VoxelNeXt: Fully Sparse VoxelNet for 3D Object Detection and Tracking (CVPR 2023)
This is the official implementation of VoxelNeXt (CVPR 2023). VoxelNeXt is a clean, simple, and fully-sparse 3D object detector. The core idea is to predict objects directly upon sparse voxel features. No sparse-to-dense conversion, anchors, or center proxies are needed anymore. For more details, please refer to:
VoxelNeXt: Fully Sparse VoxelNet for 3D Object Detection and Tracking [Paper]
Yukang Chen, Jianhui Liu, Xiangyu Zhang, Xiaojuan Qi, Jiaya Jia
News
- [2023-04-23] We update the Argoverse2 dataset code. For Argoverse2, document and the pre-train weight are updated.
- [2023-04-19] We merged VoxelNeXt into Grounded-Segment-Anything.
- [2023-04-16] We released an example config file to train VoxelNeXt on KITTI.
- [2023-04-14] We combine VoxelNeXt and Segment Anything in 3D-Box-Segment-Anything. It extends Segment Anything to 3D perception and enables promptable 3D object detection.
- [2023-04-03] VoxelNeXt is merged into the official OpenPCDet codebase.
- [2023-01-28] VoxelNeXt achieved the SOTA performance on the Argoverse2 3D object detection.
- [2022-11-11] VoxelNeXt achieved 1st on the nuScenes LiDAR tracking leaderboard.
Experimental results
nuScenes Detection | Set | mAP | NDS | Download |
---|---|---|---|---|
VoxelNeXt | val | 60.5 | 66.6 | Pre-trained |
VoxelNeXt | test | 64.5 | 70.0 | Submission |
+double-flip | test | 66.2 | 71.4 | Submission |
nuScenes Tracking | Set | AMOTA | AMOTP | Download |
---|---|---|---|---|
VoxelNeXt | val | 70.2 | 64.0 | Results |
VoxelNeXt | test | 69.5 | 56.8 | Submission |
+double-flip | test | 71.0 | 51.1 | Submission |
Argoverse2 | mAP | Download |
---|---|---|
VoxelNeXt | 30.5 | Pre-trained |
Waymo | Vec_L1 | Vec_L2 | Ped_L1 | Ped_L2 | Cyc_L1 | Cyc_L2 |
---|---|---|---|---|---|---|
VoxelNeXt-2D | 77.94/77.47 | 69.68/69.25 | 80.24/73.47 | 72.23/65.88 | 73.33/72.20 | 70.66/69.56 |
VoxelNeXt-K3 | 78.16/77.70 | 69.86/69.42 | 81.47/76.30 | 73.48/68.63 | 76.06/74.90 | 73.29/72.18 |
- We cannot release the pre-trained models of VoxelNeXt on Waymo dataset due to the license of WOD.

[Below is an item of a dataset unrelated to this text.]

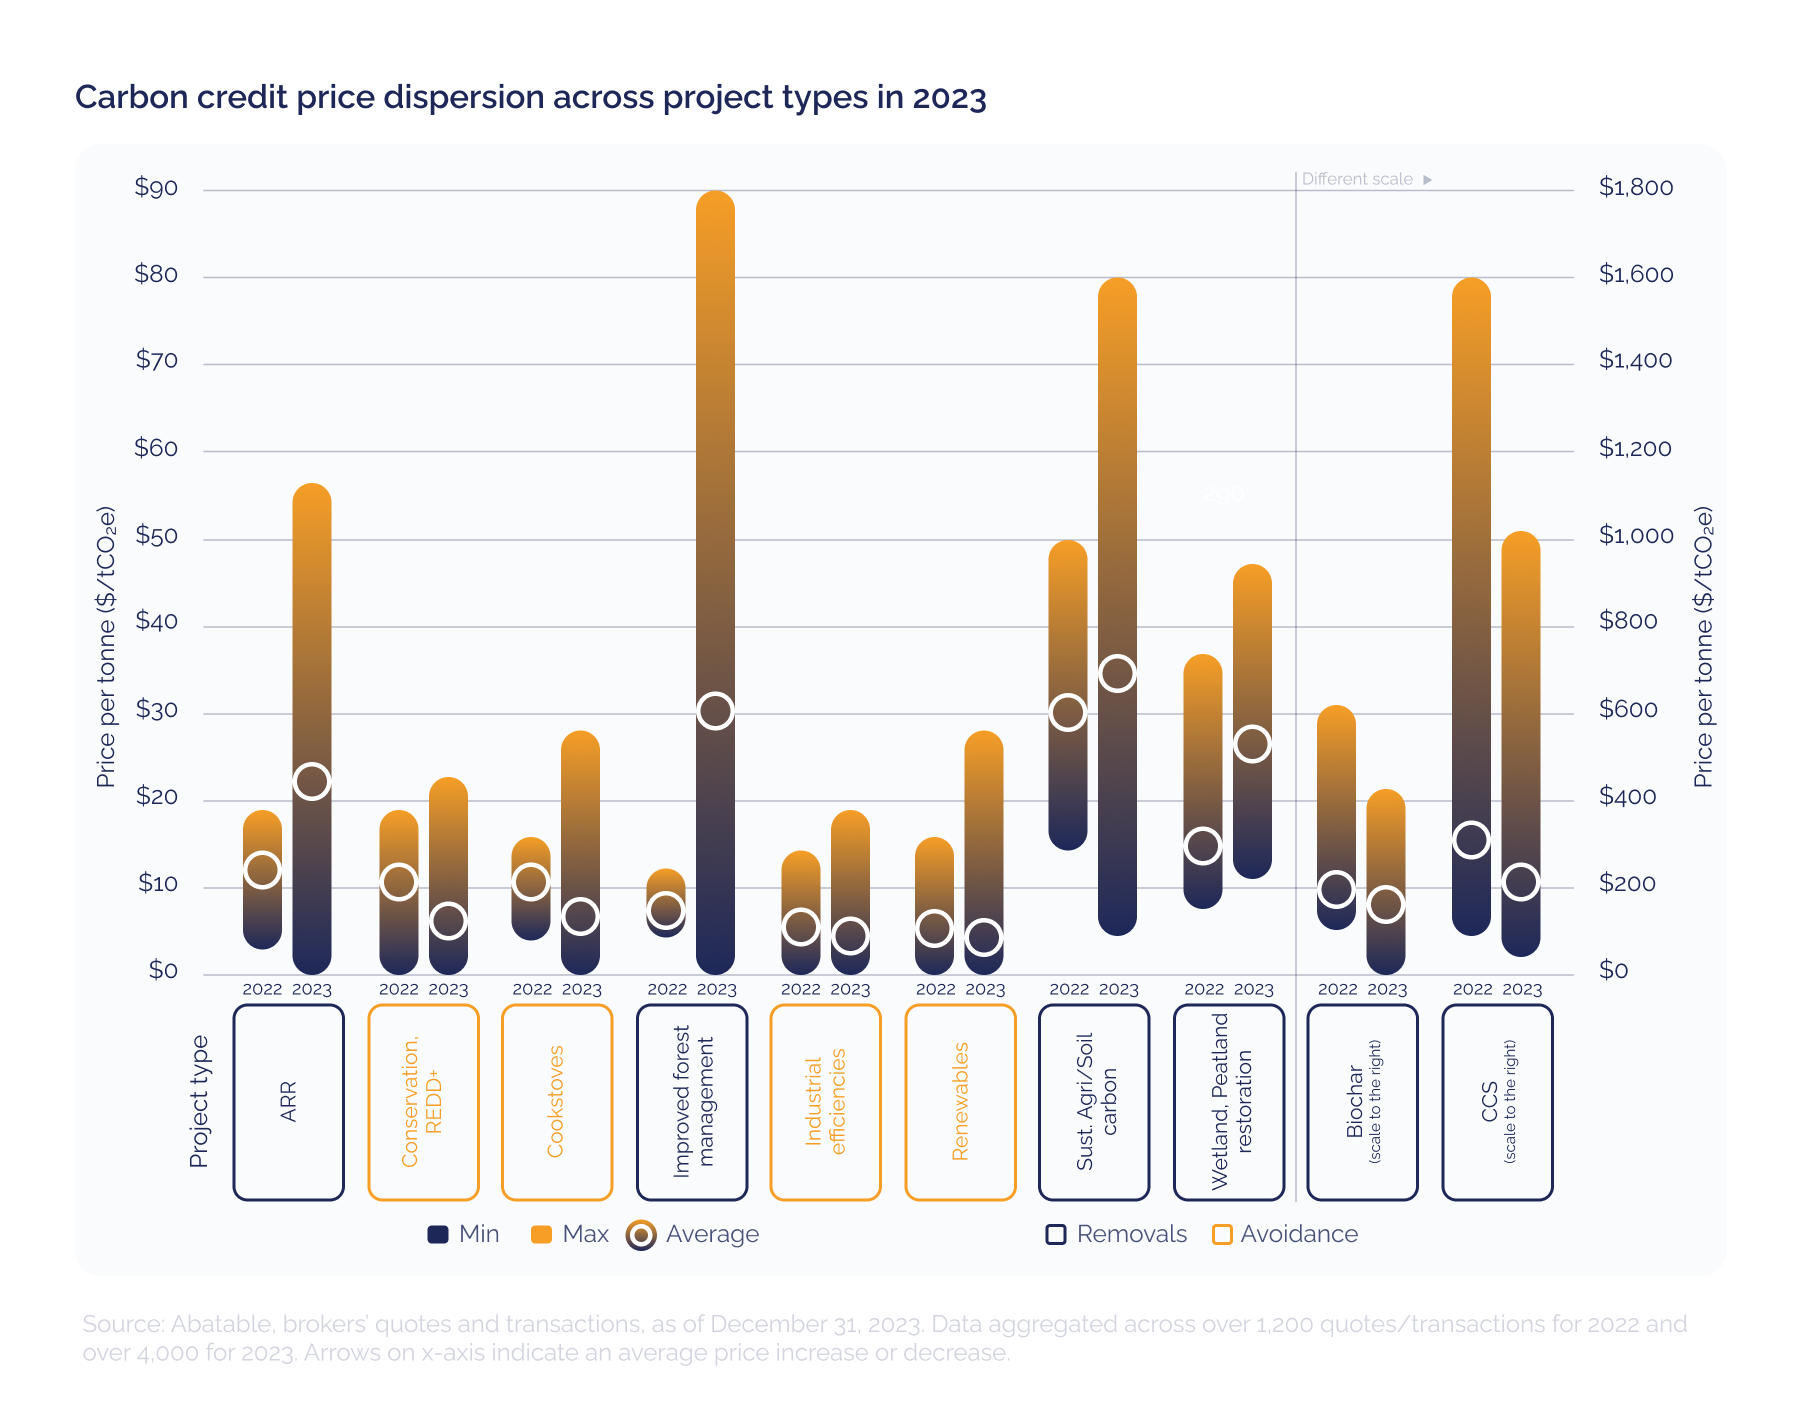 Prisspridning på kolkrediter mellan projekttyper 2023

- For Waymo dataset, VoxelNeXt-K3 is an enhanced version of VoxelNeXt with larger model size.
- During inference, VoxelNeXt can work either with sparse-max-pooling or NMS post-processing. Please install our implemented spconv-plus, if you want to use the sparse-max-pooling inference. Otherwise, please use NMS post-processing by default.
Getting Started
Installation
a. Clone this repository
https://github.com/dvlab-research/VoxelNeXt && cd VoxelNeXt
b. Install the environment
Following the install documents for OpenPCDet.
c. Prepare the datasets.
For nuScenes, Waymo, and Argoverse2 datasets, please follow the document in OpenPCDet.
Evaluation
We provide the trained weight file so you can just run with that. You can also use the model you trained.
cd tools
bash scripts/dist_test.sh NUM_GPUS --cfg_file PATH_TO_CONFIG_FILE --ckpt PATH_TO_MODEL
#For example,
bash scripts/dist_test.sh 8 --cfg_file PATH_TO_CONFIG_FILE --ckpt PATH_TO_MODEL
Training
bash scripts/dist_train.sh NUM_GPUS --cfg_file PATH_TO_CONFIG_FILE
#For example,
bash scripts/dist_train.sh 8 --cfg_file PATH_TO_CONFIG_FILE
Citation
If you find this project useful in your research, please consider citing:
@inproceedings{chen2023voxenext,
title={VoxelNeXt: Fully Sparse VoxelNet for 3D Object Detection and Tracking},
author={Yukang Chen and Jianhui Liu and Xiangyu Zhang and Xiaojuan Qi and Jiaya Jia},
booktitle={Proceedings of the IEEE/CVF Conference on Computer Vision and Pattern Recognition},
year={2023}
}
An introduction video on YouTube can be found here.
Acknowledgement
- This work is built upon the OpenPCDet and spconv.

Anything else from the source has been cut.